### Data shown

☆ ☆ ☆ ☆ ☆

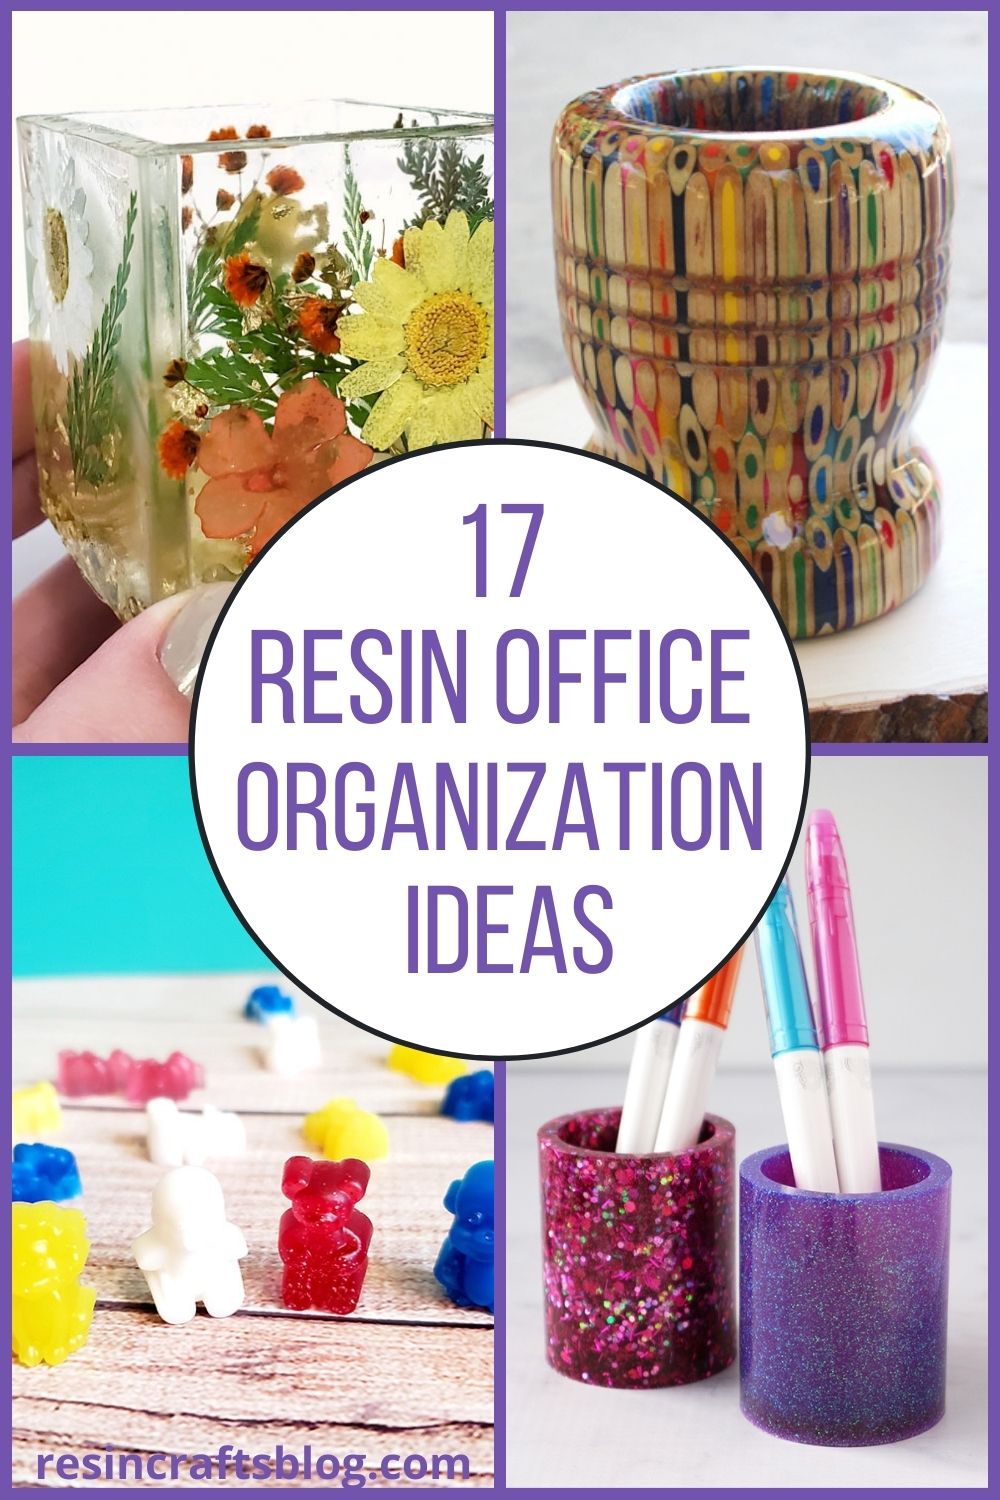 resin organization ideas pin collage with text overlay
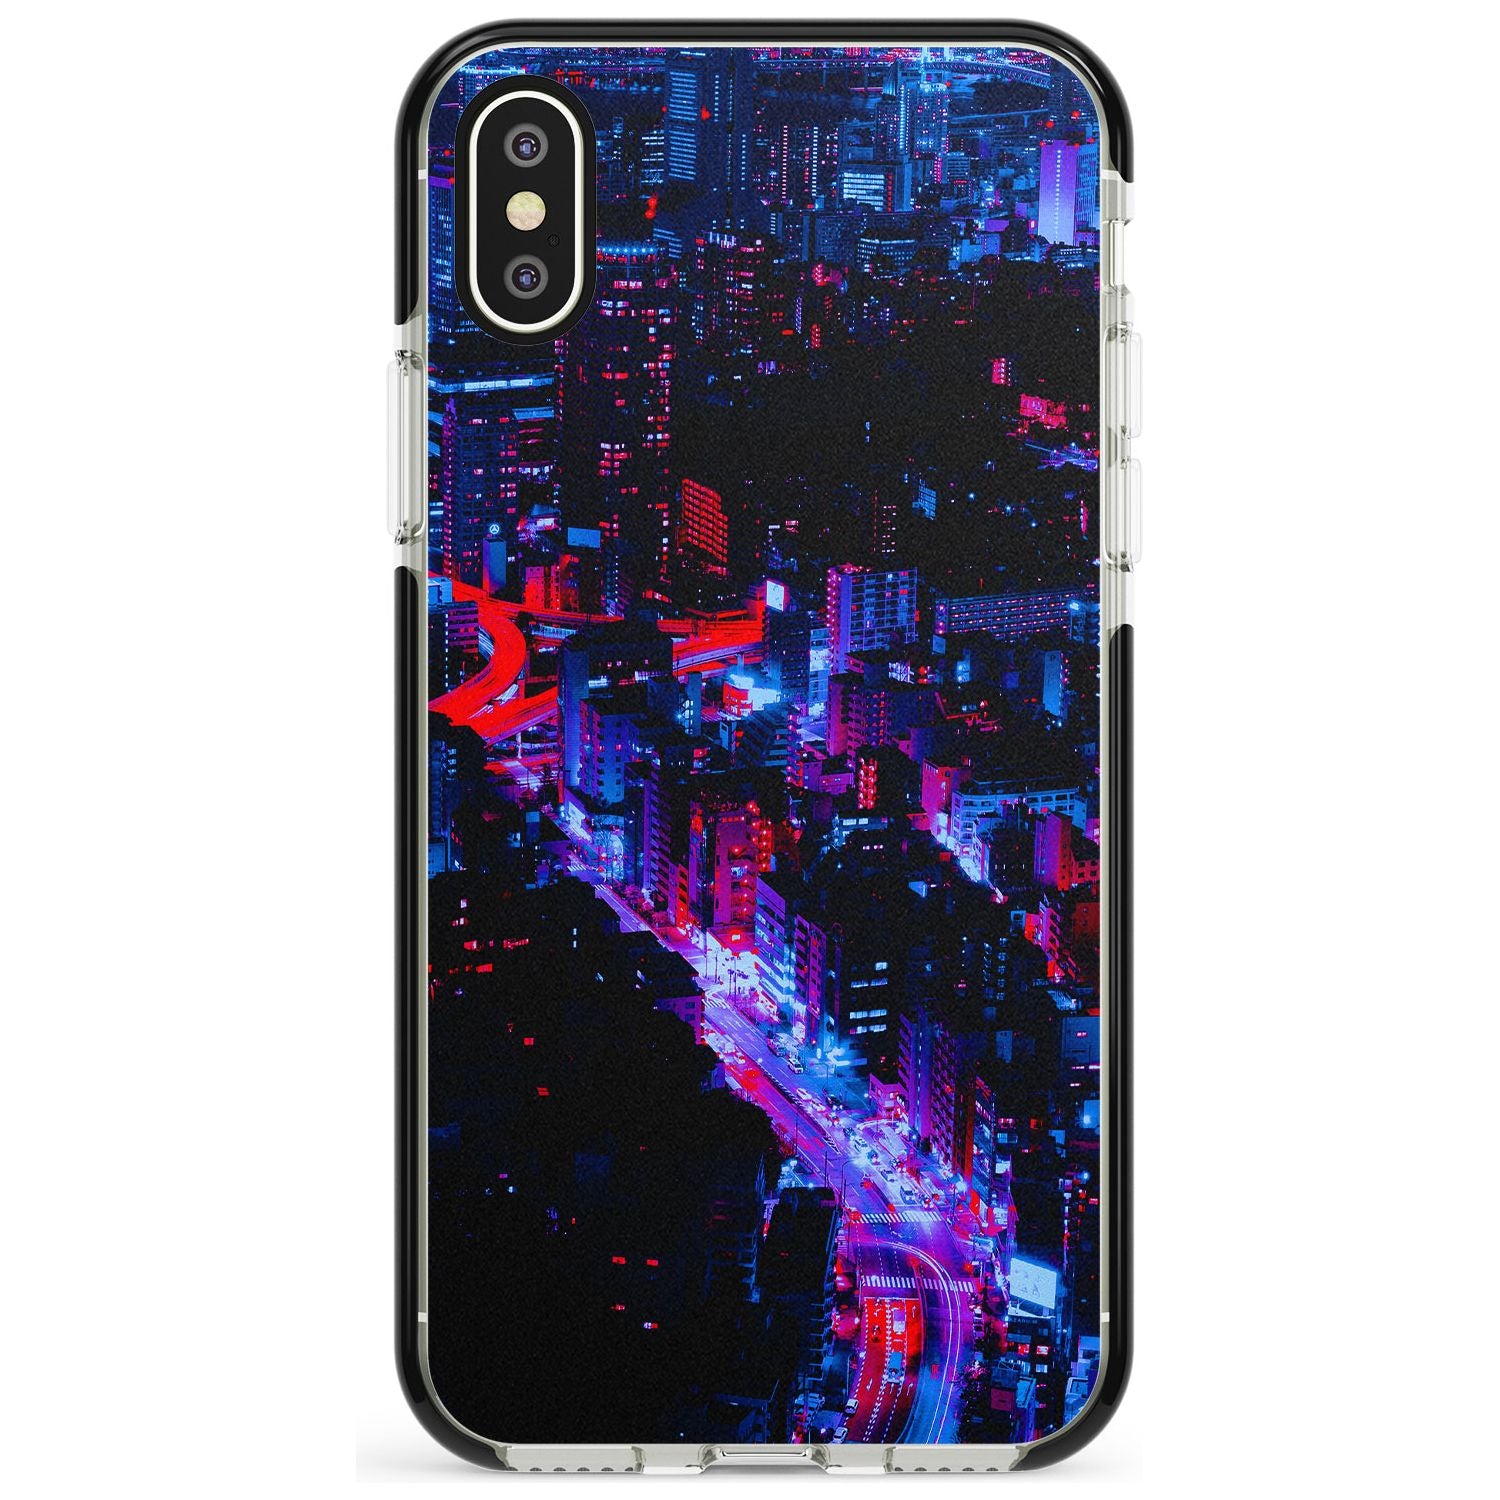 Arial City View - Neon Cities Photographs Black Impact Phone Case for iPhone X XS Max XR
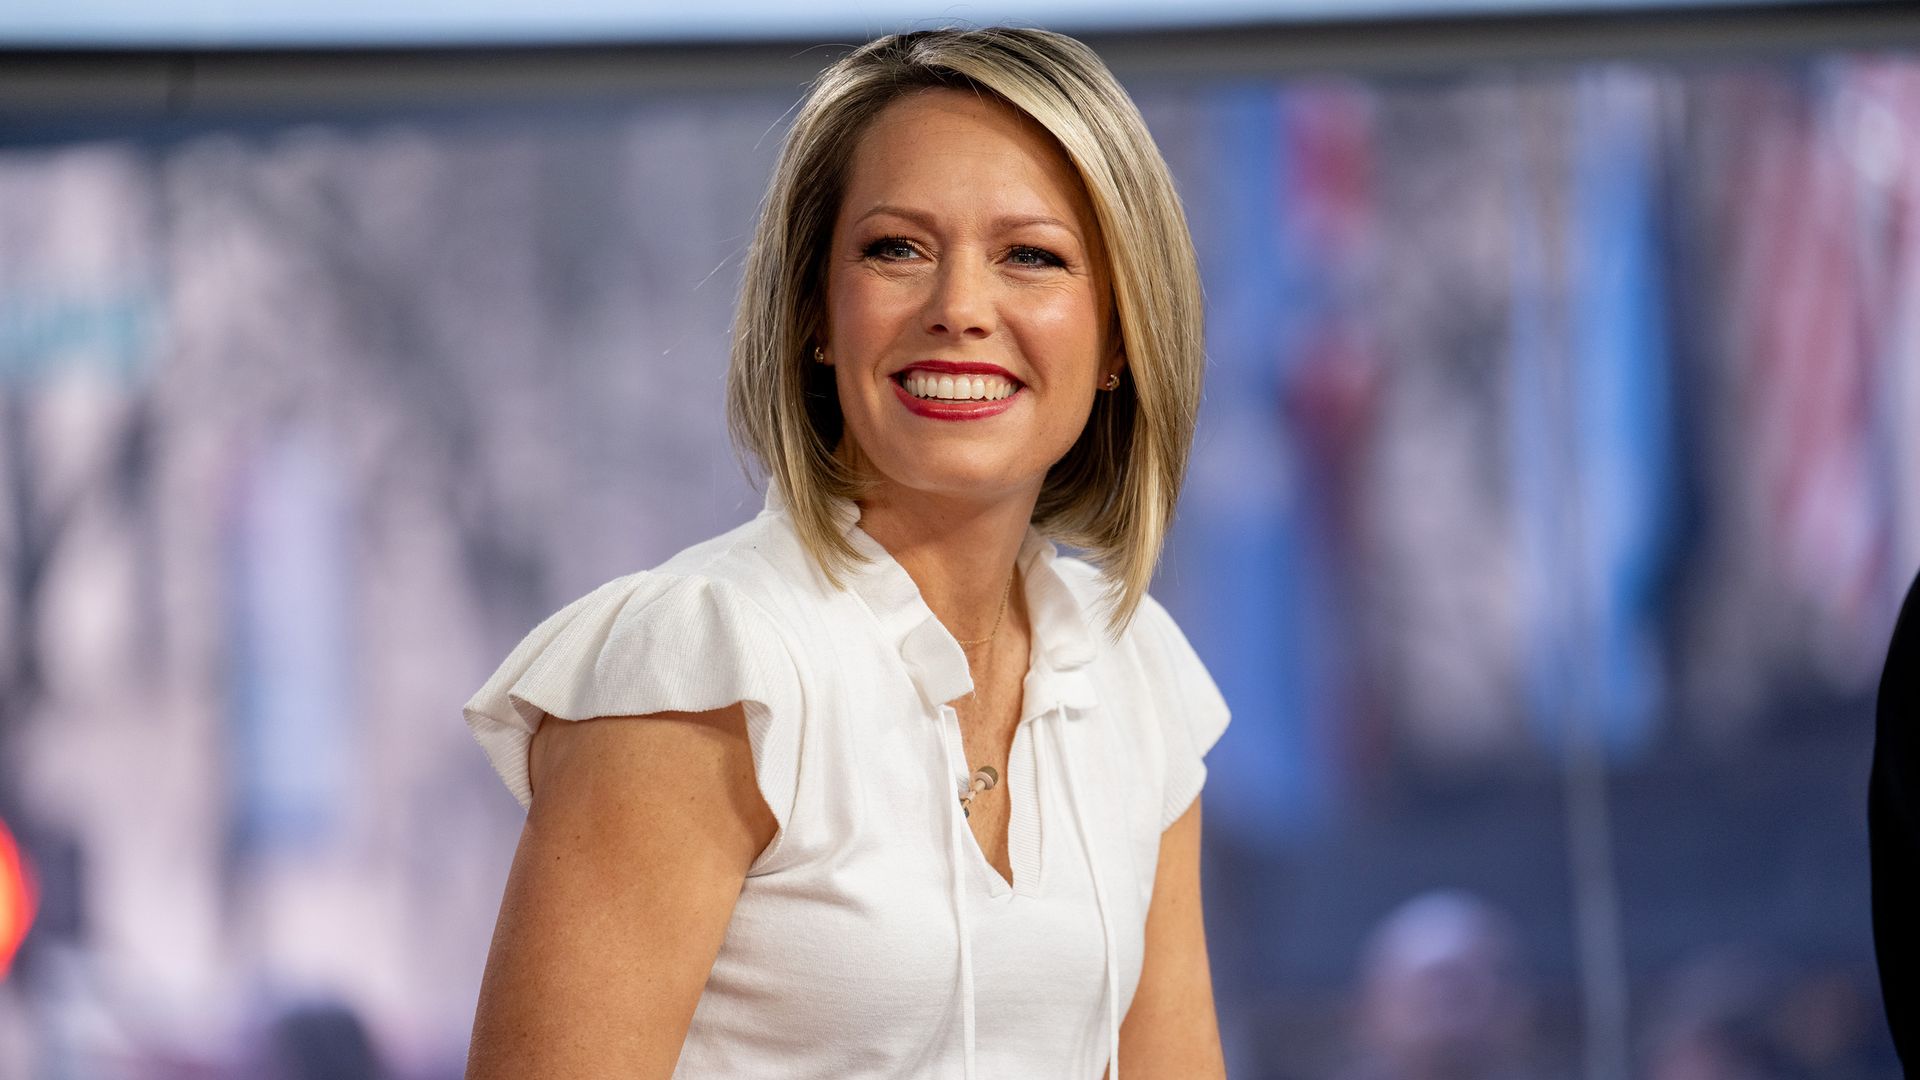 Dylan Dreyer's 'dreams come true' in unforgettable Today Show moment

☆ ☆ ☆ ☆ ☆

### Brief
Restate, word for word, all of the material above, leaving out the images.

### Exercise solution
 resin organization ideas pin collage with text overlay
 Arial City View - Neon Cities Photographs Black Impact Phone Case for iPhone X XS Max XR
 Dylan Dreyer's 'dreams come true' in unforgettable Today Show moment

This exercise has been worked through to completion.